Heads Up… Here are Seven Supply Chain Network Modeling Pitfalls to Avoid

Heads Up… Here are Seven Supply Chain Network Modeling Pitfalls to Avoid

When considering the business rationale for undertaking a distribution network optimization, supply chain executives are first and foremost concerned with an ROI to justify the project. To achieve this and to be confident that the modeling effort will be conducted rigorously and with carefully applied best practices, executives should seek experienced network design consultants to collaborate with their project teams to interpret and consider every aspect of how industry trends will impact the development and implementation of potentially successful solutions. Even then, the most experienced network modelers can overlook these seven pitfalls that can have extremely negative effects on the process of achieving a justifiable ROI.

What to look for…

1. Freight Costs ≠ Flow Volume

A classic case that is often not handled properly. For instance, where current I/B shipments to a plant or DC have a large average shipment size on a lane but based on a scenario, those volumes decrease to the point where either ship frequency would need to decrease drastically to keep the same average size, or the rate per volume needs to increase to reflect the smaller loads.

2. Misnomer of Inventory Optimization

Multiple scenarios can be used to effectively bracket the inventory effect of various scenarios, and thereby one optimizes inventory as part of the overall cost minimization through analysis…however, inventory is almost always a post-run calculation. That is, it is not part of the objective function in the model, and is not really “optimized” as part of a single scenario. Best practice: Savvy scenario run plan development and flexible evaluations are what create conditions to optimize inventory; the models do not optimize an “inventory” variable.

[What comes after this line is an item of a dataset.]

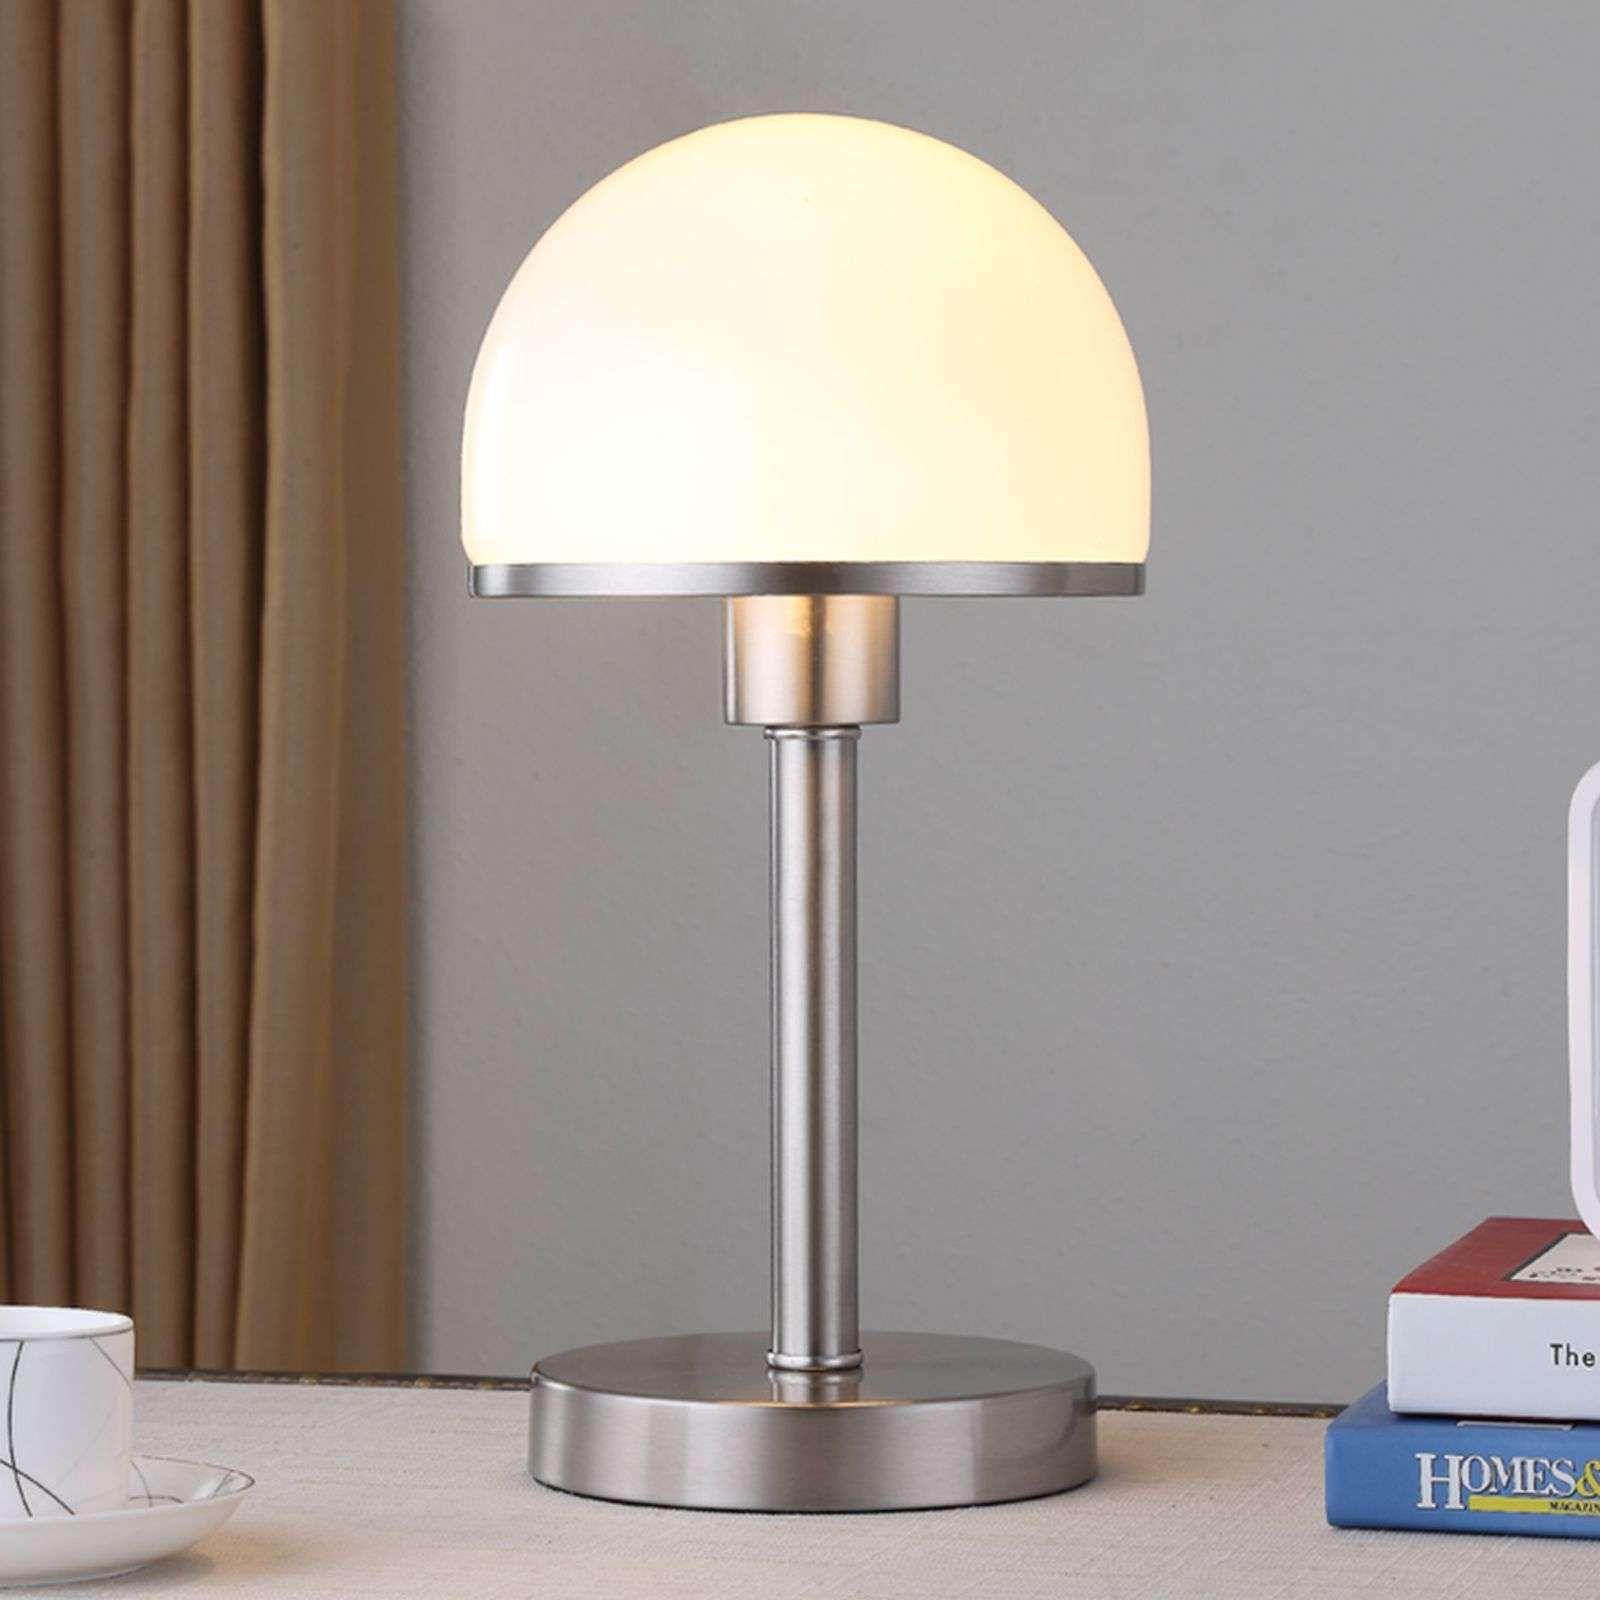 Stijlvolle Tafellamp Jolie Met Glazen Kap Van Lindby In 2020 Tafellamp Binnenverlichting Bureaulamp

3. Operational Costs Are Not All Variable

For example, labor costs (a portion, or sometimes all) are typically put on a variable cost basis, and increase/decrease in total based on throughput.  However, in the short term, even the most variable labor forces (except perhaps in a 3PL setting where clients are charged per pallet in/out, etc.) will not change headcount +/-1 x when volume changes. Understanding just how fixed or semi-fixed labor realistically is at a DC and then properly modeling those dynamics is critical to establishing accurate operational costs. Detailed XLS DC modeling, grounded in solid facility design and implementation expertise, goes far beyond what is typically represented in a network model.

4. Peak Adjustment Factors

A common shortcut for representing seasonality in a single time period model is to adjust an annual capacity figure by a formula that accounts for peaks.  While mathematically interesting and simple, the relationship between the results you get through such an approach, and what you would see with a true multi-time period model, can vary greatly.  We’ve seen significant misapplication of network capacity if the effort to create a time-phased model is not correctly structured.

5. Split Shipments

The use of bundling and similar techniques to ensure no split shipments is not a widely used practice (or used correctly). Rather, rates should reflect the characteristics of shipments (products, customers, mode, sizes) that are allowed in a scenario.  A classic flaw is to show savings from by-passing DCs and moving plant-direct for select products, not recognizing both the impact at the mixing centers (DCs) of lower shipment sizes and the true cost of the direct shipment (usually assumes same shipment profile that was achieved via the DC). Projects that have questions regarding what should go direct, and what should go through consolidation centers should be modeled distinctly differently.

6. Missed Aggregation of Product Groupings

Both product and regional aggregation can be overlooked with simplistic assumptions. Whether domestic sourced or Asia pre-built assortments for consolidation, understanding in detail how to do SKU and product groupings can be one of the most important business assumptions to clarify for the model. Creating “logistically distinct” product groups are usually not the same as “marketing” product groups.

7. Sensitivity Analysis is Not the Efficient Frontier

Endless back and forth often delays and confuses the path forward. But the executive team needs to understand more than the optimal answer from the model. Effectively guiding the project team on those factors that distinguish success, risk, complexity, and opportunity by applying “min-max-regret” and other operations research strategies – including Monte Carlo simulation – are powerful tools we can bring to help executives understand holistic business risk and opportunity.

There’s an enormous amount of data to collect and digest when undertaking a network optimization project. With this tidbit of knowledge on the seven modeling pitfalls to avoid, there should be a greater degree of confidence that the modeling process will provide the lowest landed cost and an ROI that justifies implementing the right solution.